Just based on depreciation, you put over 56,000 miles on your vehicle and that excludes everything else. So how many miles did you put on your vehicle.

Didn't put very many miles on my 88 Supra last year, weather was rotten. So just for insurance alone was over $1.50 per mile.

Read horror stories about renting a vehicle in Italy, and didn't have to be my fault, like somebody breaking into their vehicle or running into it. Could have cost me over 18,000 in euros. So elected to pay for full coverage. That cost even more than the rental like 32 bucks extra per day.


----------



## Merc6 (Jun 8, 2013)

cmsdock said:


> not bad considering all the miles that we put on our ctd. I just went over 58k in 10 months. what are you up to now?

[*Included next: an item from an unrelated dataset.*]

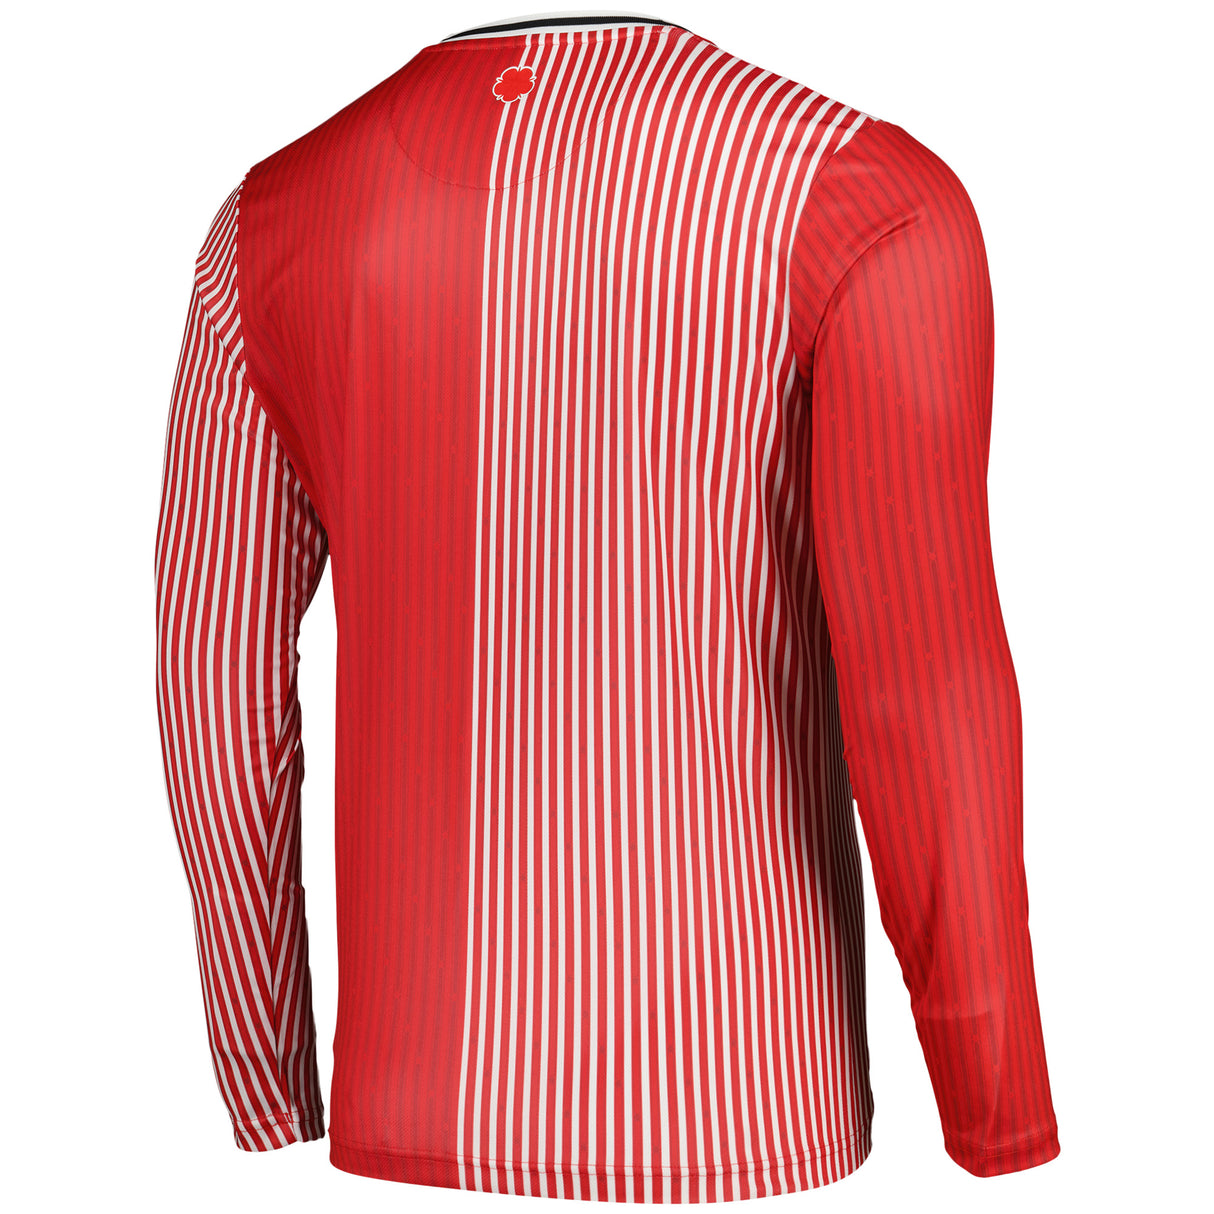 Southampton Home Shirt 2023-24 - Long Sleeve - Kit Captain

How you do that and I couldn't get more than 20K in the same time leaving Ohio to NJ to NYC and back monthly?


----------



## diesel (Jun 8, 2013)

I will hit 93K miles today


----------



## plasticplant (Mar 26, 2013)

Merc6 said:


> How you do that and I couldn't get more than 20K in the same time leaving Ohio to NJ to NYC and back monthly?


I did 26k in a year (currently at 35k) making a 150 mile round trip a few times a week to see my girlfriend and 100 miles a week driving to and from work. I was actually shocked at how fast the miles add up. I bought the CTD for exactly his purpose, but it still "hurts" seeing 35k on the ODO of a car not even a year and a half old yet.


----------



## Aussie (Sep 16, 2012)

Did your figures allow for loan repayments as well?


----------



## bigluke (Aug 18, 2013)

If I calculate each time my wife takes the cruze for shopping my cost per mile is freaking higher than yours...lol


----------



## Aussie (Sep 16, 2012)

My wife is afraid to drive the Cruze so I have it all to myself.


----------



## diesel (Jun 8, 2013)

Aussie said:


> Did your figures allow for loan repayments as well?


Yes and no. I just did the math again and my out the door price was actually closer to $25,600. I carried financing for about 6 months and then it was paid off. There was a pre payment penalty of like $250 (F U Huntington Bank and Lash Chevrolet for screwing me on this). Add in the 6 months of interest and we're right about there.


----------